Ketika kita ingin pergi ke suatu tempat, maka kita harus memiliki gambaran tentang tempat yang ingin kita kunjungi. Gambaran ini bisa berupa jalan, ciri-ciri tempat, maupun esensi tempat yang ingin dituju. Jika tidak, bukan berarti kita mustahil menuju tempat itu, mungkin saja secara tidak sengaja. Tapi, kemungkinan untuk tercapainya tujuan itu sangat kecil. Kita lebih mungkin untuk tidak sampai, dibanding mungkin untuk sampai.
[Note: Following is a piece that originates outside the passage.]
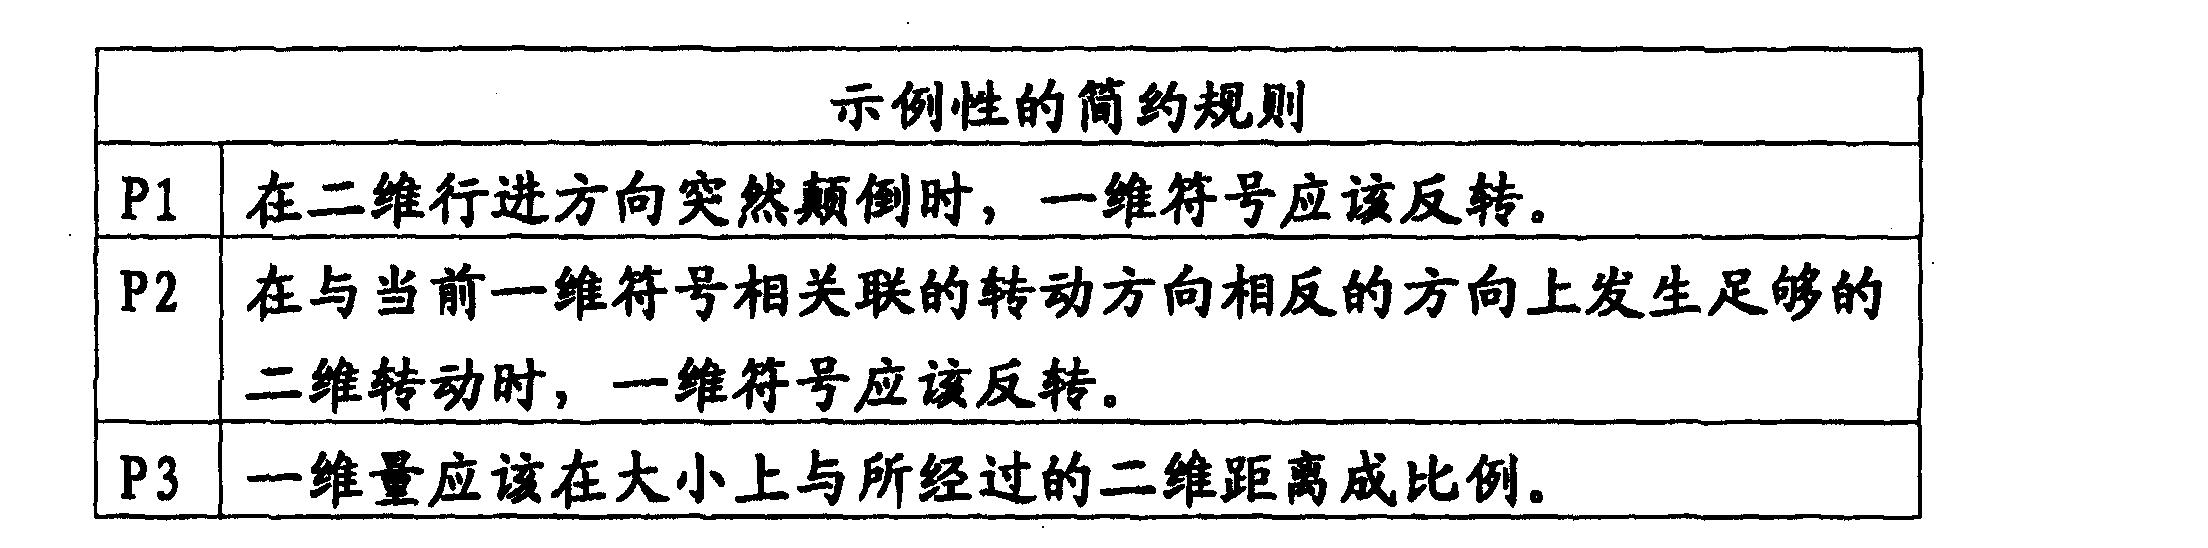 Figure CN101390034BD00151

Hal yang sama berlaku dengan ilmu pengetahuan yang akan dipelajari. Kita harus memiliki gambaran utuh atau paling tidak, gambaran umum tentang ilmu yang akan kita pelajari. Jika tidak, konsep pengetahuan yang kita punya saat kita belajar adalah konsep “patah”, alias tidak utuh. Gambaran umum pengetahuan ini diistilahkan dengan muqaddimah al-‘ilm oleh para ulama. Ini berlaku kepada seluruh ilmu secara umum dan ilmu kalam secara khusus.
Tulisan kali ini akan terfokus pada tiga poin krusial terkait ilmu kalam; definisi, objek kajian, dan fungsi. Namun, perlu digarisbawahi, bahwa ilmu memiliki sepuluh dasar yang diistilahkan dengan al-mabâdi’ al-‘asyarah. Kita hanya memetik tiga poin krusial karena poin inilah hal paling substansial dan intim dari sepuluh poin itu.
Definisi
Definisi ada dua jenis; esensial (hadd) dan aksidental (rasm). Jika yang pertama menitikberatkan definisi pada objek kajian ilmu, maka bagian kedua fokus kepada fungsi, manfaat, atau tujuan ilmu.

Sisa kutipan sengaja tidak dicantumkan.